Problems of identifying species using certain genera and database

The BOLD identification system and a public data repository for BLASTN comparison of nucleotide sequences were created for different purposes and operated differently [48,67]. BOLD was designed for taxonomic identification using a limited number of loci and similarity thresholds to match query sequences with high confidence and to identify sequences in the database. By contrast, BLASTN was developed to assess sequence similarity and the most similar sequences in public data repositories [68]. However, misidentified sequences are present in both BOLD and public data repositories, thereby complicating DNA-based identification.
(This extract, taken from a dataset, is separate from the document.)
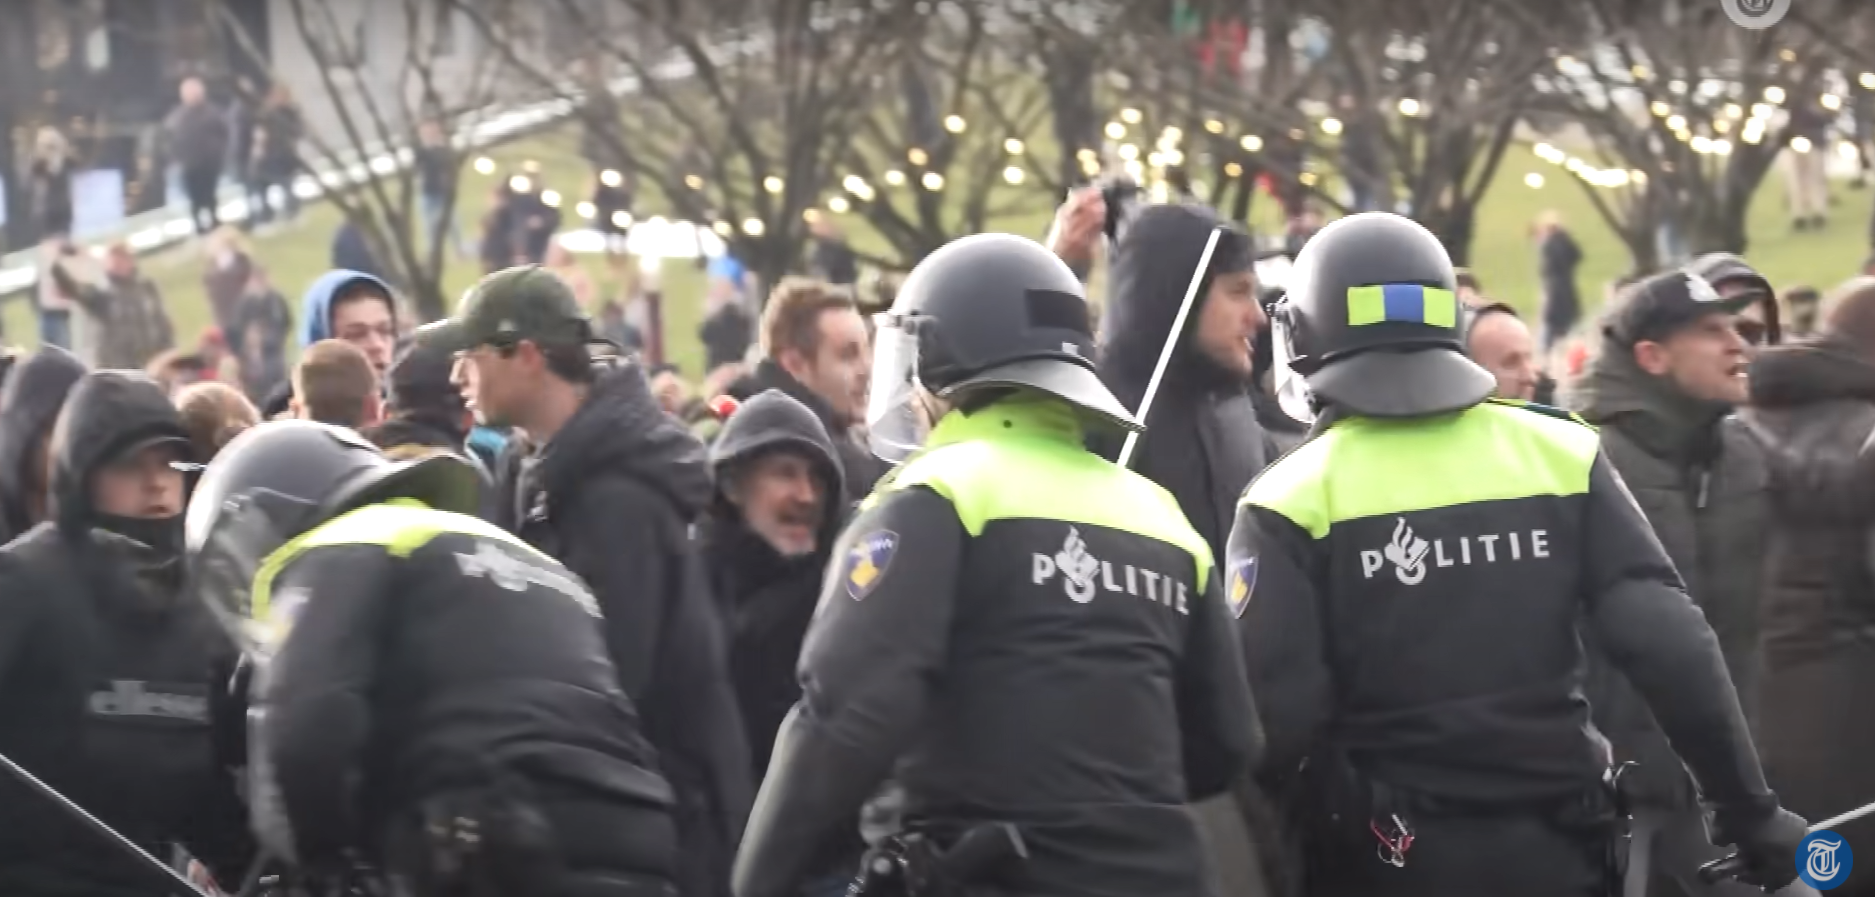 Peste 100 de persoane, arestate în urma unor proteste violente anti-Covid în Amsterdam. VIDEO
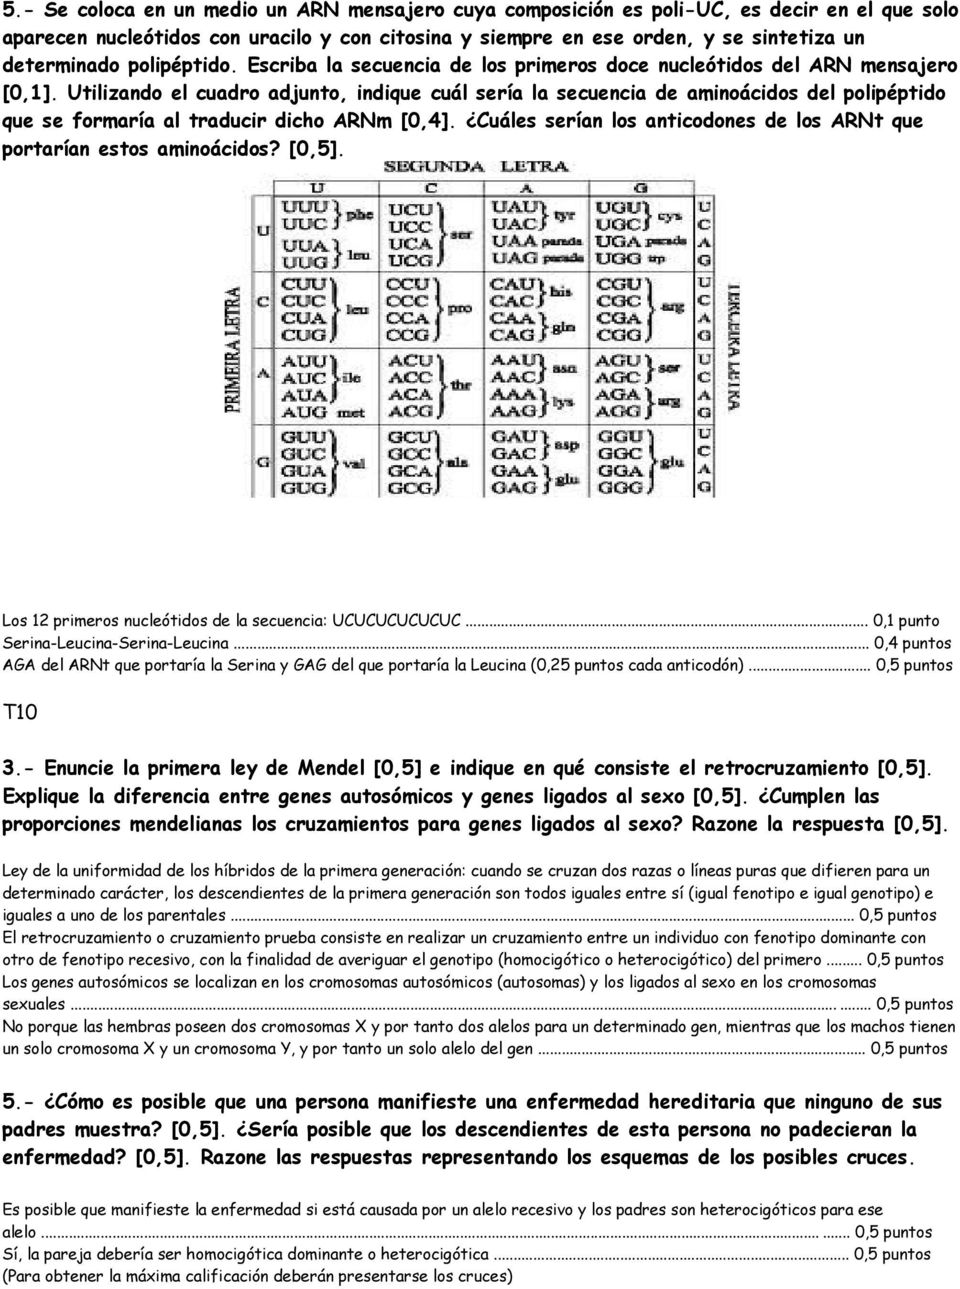 Utilizando el cuadro adjunto, indique cuál sería la secuencia de aminoácidos del polipéptido que se formaría al traducir dicho ARNm [0,4].

The accuracy of the sequence data cannot be confirmed because sequence trace files or voucher samples are not available through public data repositories. Similarly, the BOLD database faces challenges in verifying suspected records despite efforts made to improve quality control. Erroneous identification of species by sample sequences can occur when applying BOLD to species with wrong information registered in public data repositories. Additionally, a significant proportion of barcodes available for BOLD are sourced from public repositories, which may contain a large number of questionable, erroneous, or low-quality sequence data owing to a dramatic increase of registered sequence information along with the development of high throughput sequencing technologies [69]. The walking catfish complex is an example of a case in which mislabeling of accession sequences from bighead catfish, or accidental utilization of interspecific hybridization in cataloging the barcode database, may have occurred. To ensure the accuracy of species identification by DNA barcoding users should prioritize correct species labeling reliable morphological taxonomy, and voucher documentation.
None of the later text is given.